Applying a linear transformation to time sequences to separate interfering oscillations This is an applied problem, which arises from the problem of reorienting of a sensor axes according to particle displacement directions:
Consider a sensor which is located inside the solid substance. This sensor is capable of detecting the substance oscillations along each of the three axes (usually orthogonal, but generally, any non-degenerated (non-coplanar) basis). This sensor produces a recording of the detected oscillations, called a trace, containing the displacement sampled at high-frequency, capable to capture any oscillation frequency existing in the substance. There are three traces, one for each axis.
Consider that at some period of time the sensor registers an interference of an event, consisting of the compression wave, and two shear waves.

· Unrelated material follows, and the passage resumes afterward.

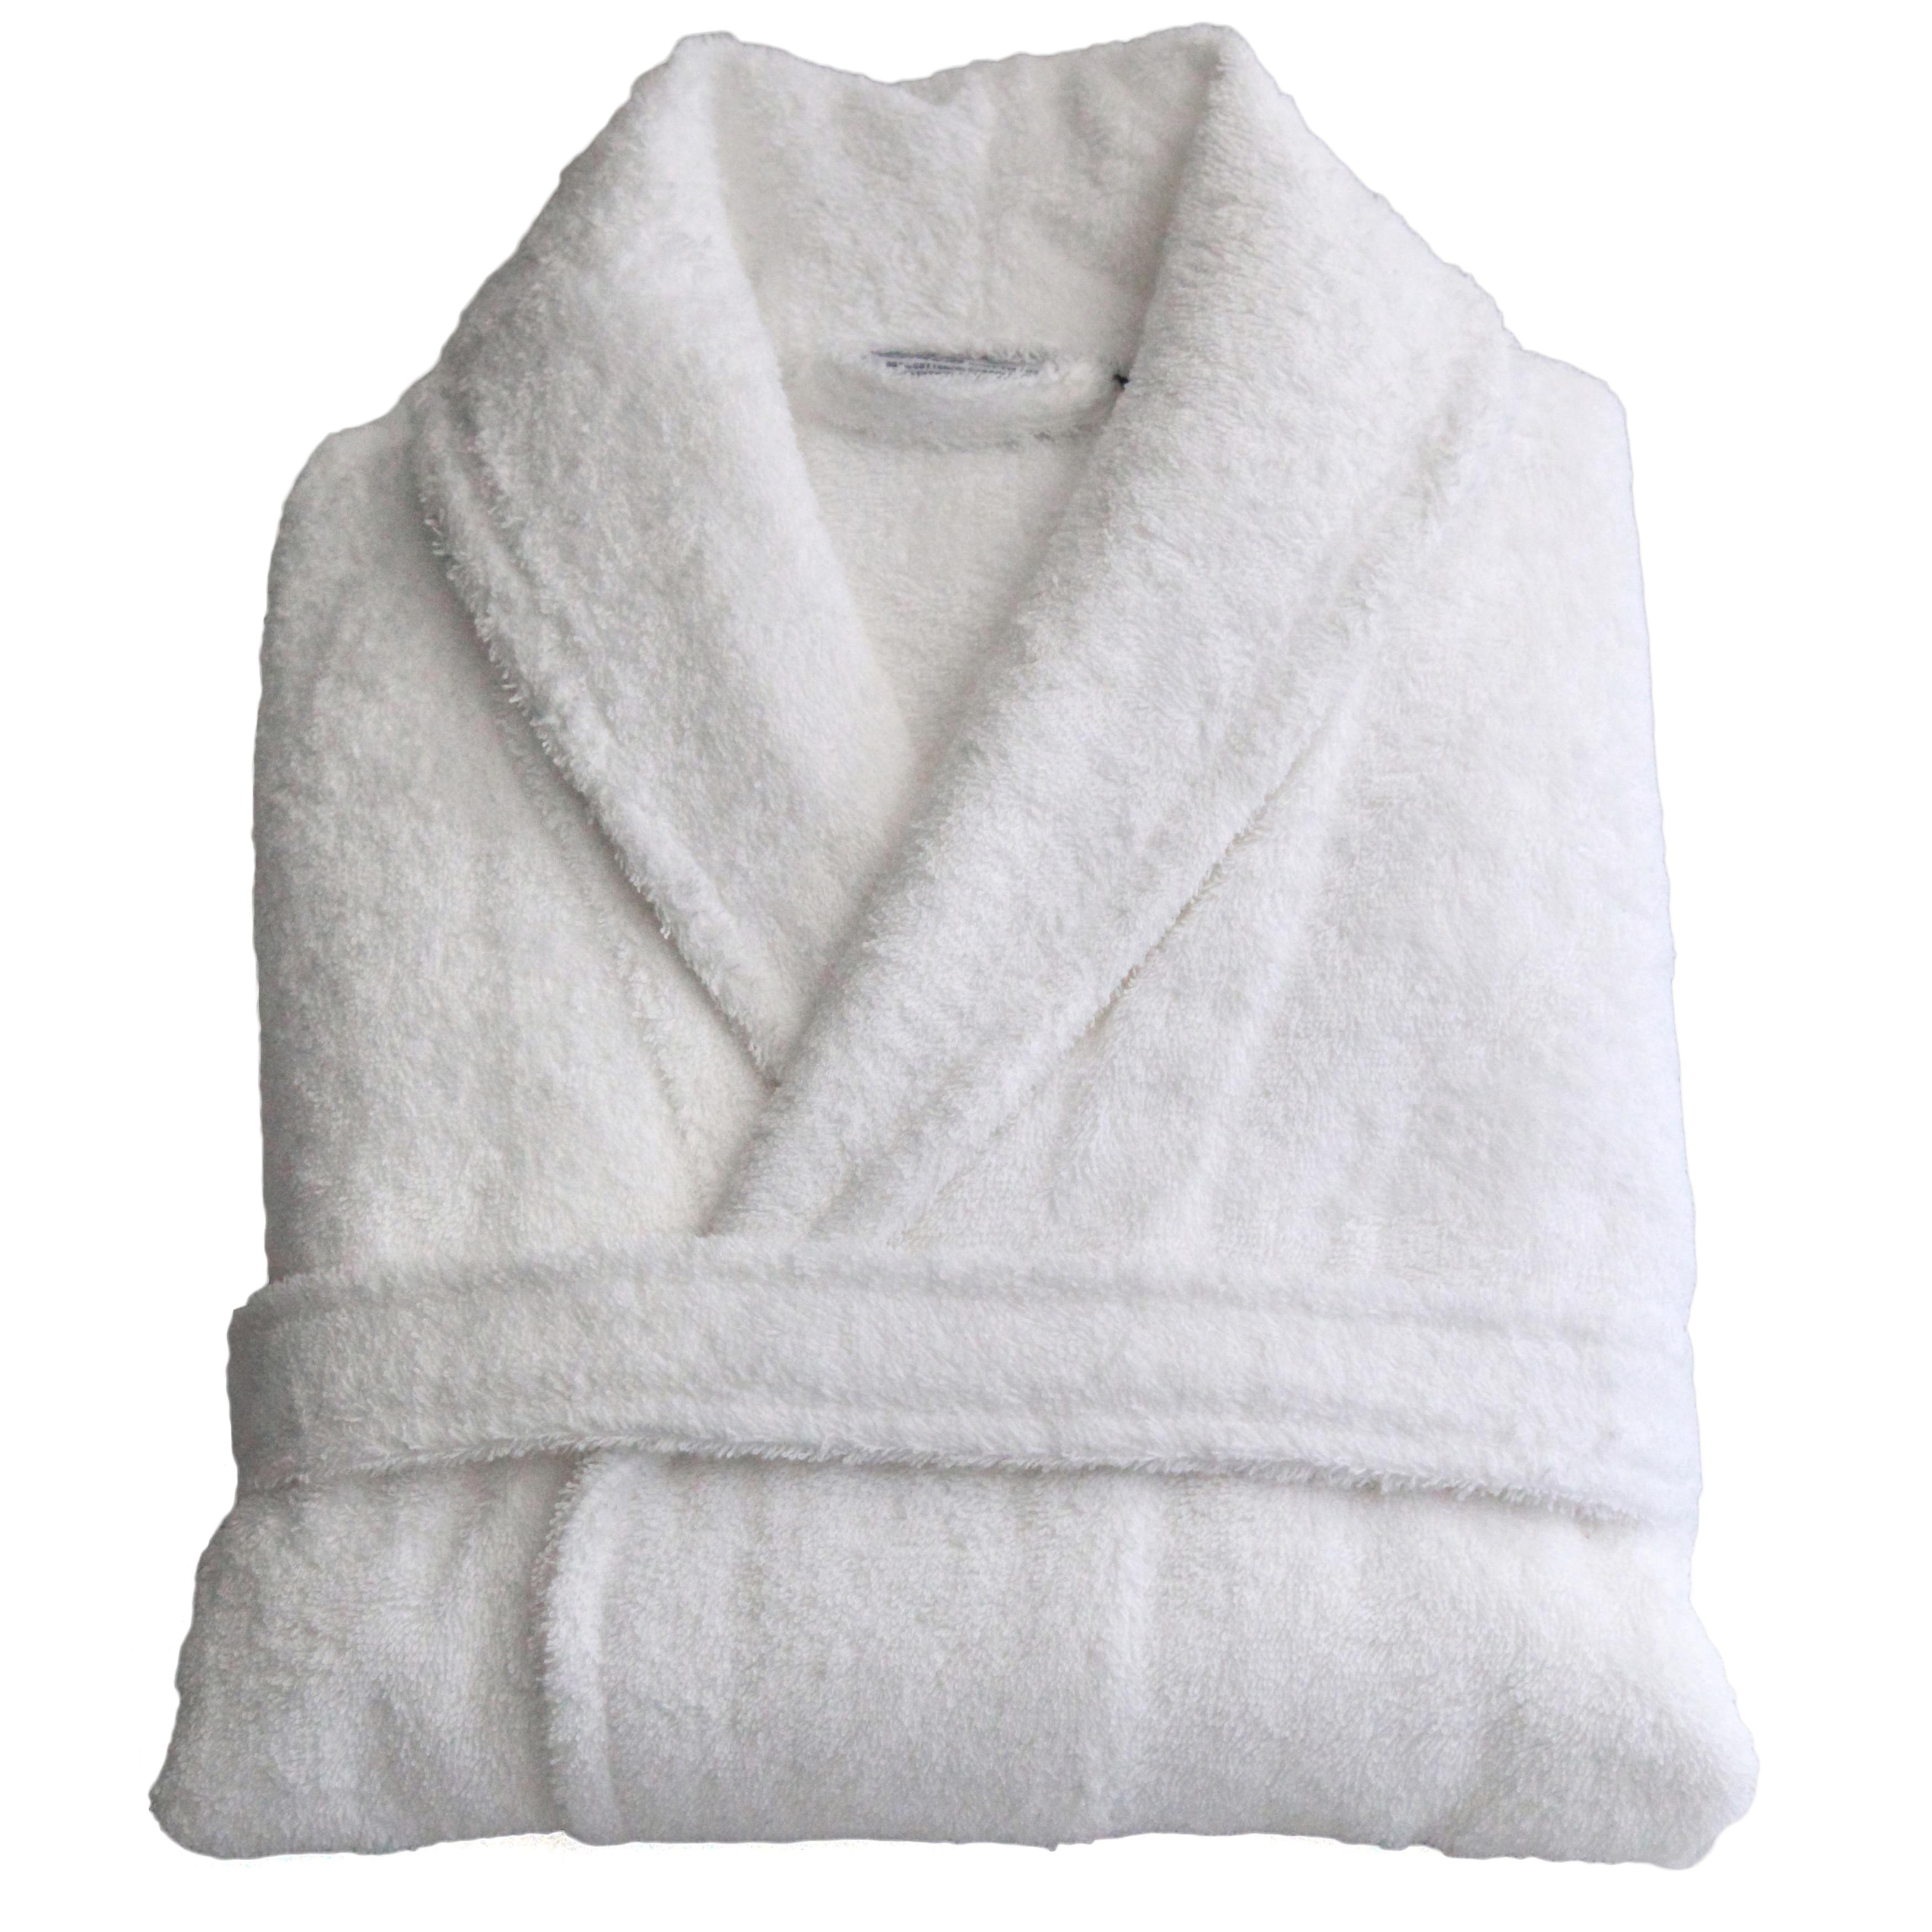 authentic hotel spa unisex turkish cotton terry cloth bath robe ebay. Black Bedroom Furniture Sets. Home Design Ideas

Traces now contain a recordings of the event, effectively, a projections of the oscillations on the sensor's axes.
How do I now virtually re-orient the axes, that is, perform the linear transform of the traces, so that they will be oriented each along a corresponding wave displacement vector, and thus will contain only single wave event recording in each of the traces after the transformation?

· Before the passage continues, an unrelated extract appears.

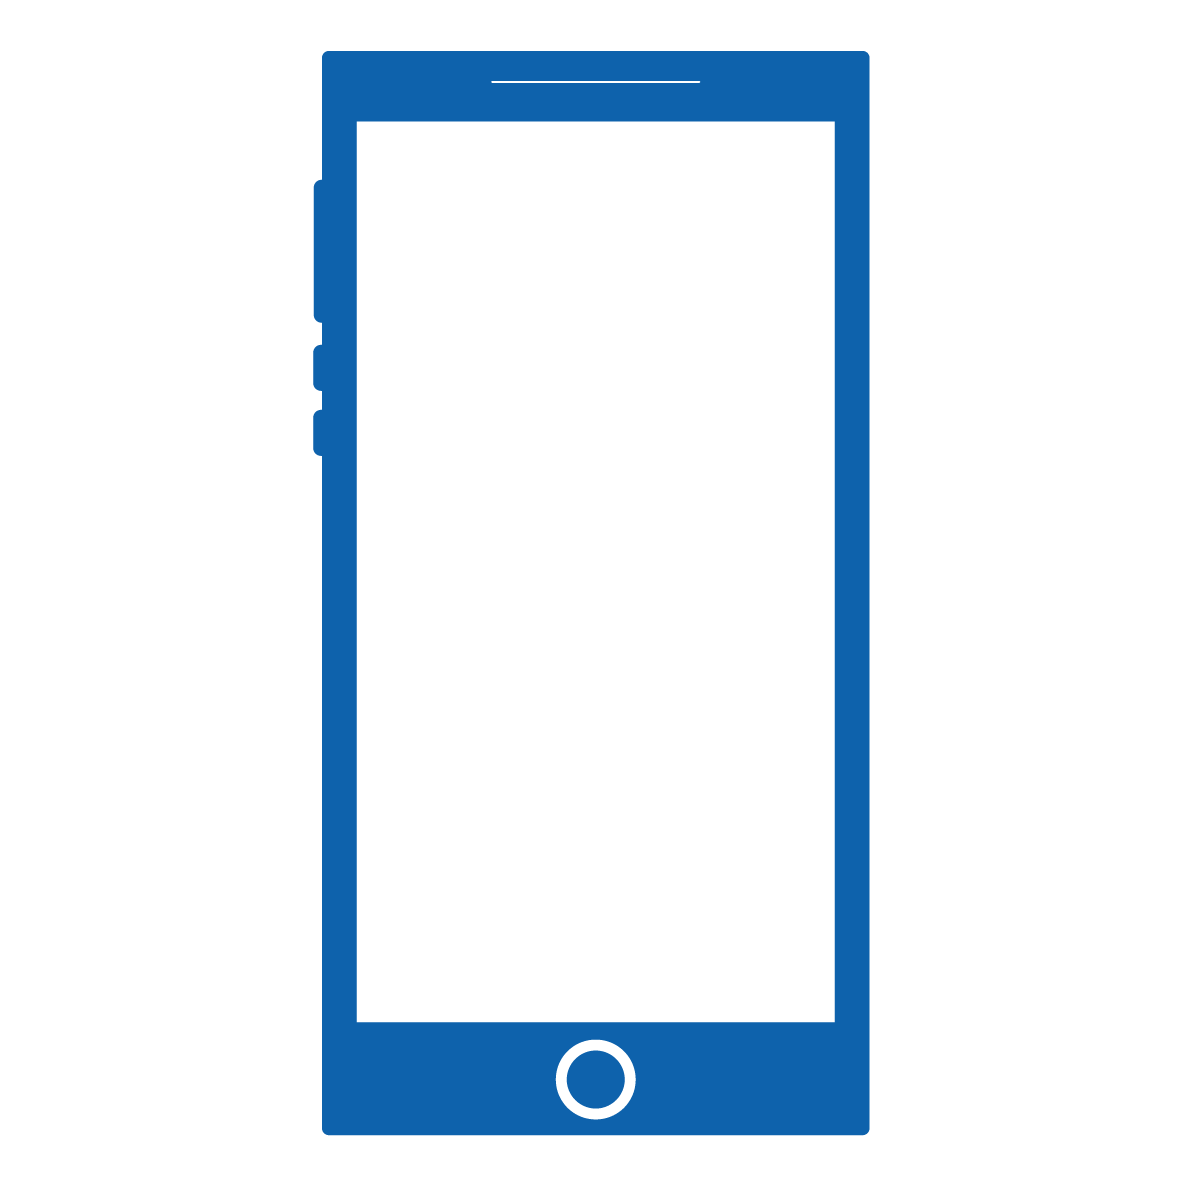 Top 3 Moodle Features - Moodle Mobile app

EDIT1: Actually, we have a 3D-curve $r(t)$ of sensor motion, which is represented by sensor axial readings $r_1(t), r_2(t), r_3(t)$. The task is to find the "primal" directions of $r(t)$ movements and re-orient axes to those directions $q_1(t), q_2(t), q_3(t)$.
 A: There are two questions here.  The first, which Eric answered for orthogonal axes, is "given the axes to transform to, how do I transform?"  The second is "given the data, how do I figure out the axes to transform to?.  I don't think that is available from a single sensor.  If you have some more knowledge you might be able to.   If you know the source of the disturbance, one axis might be from the source to the sensor.  If you have a model how the longitudinal and transverse disturbances are related, you could try a fit to your data as a function of the axes.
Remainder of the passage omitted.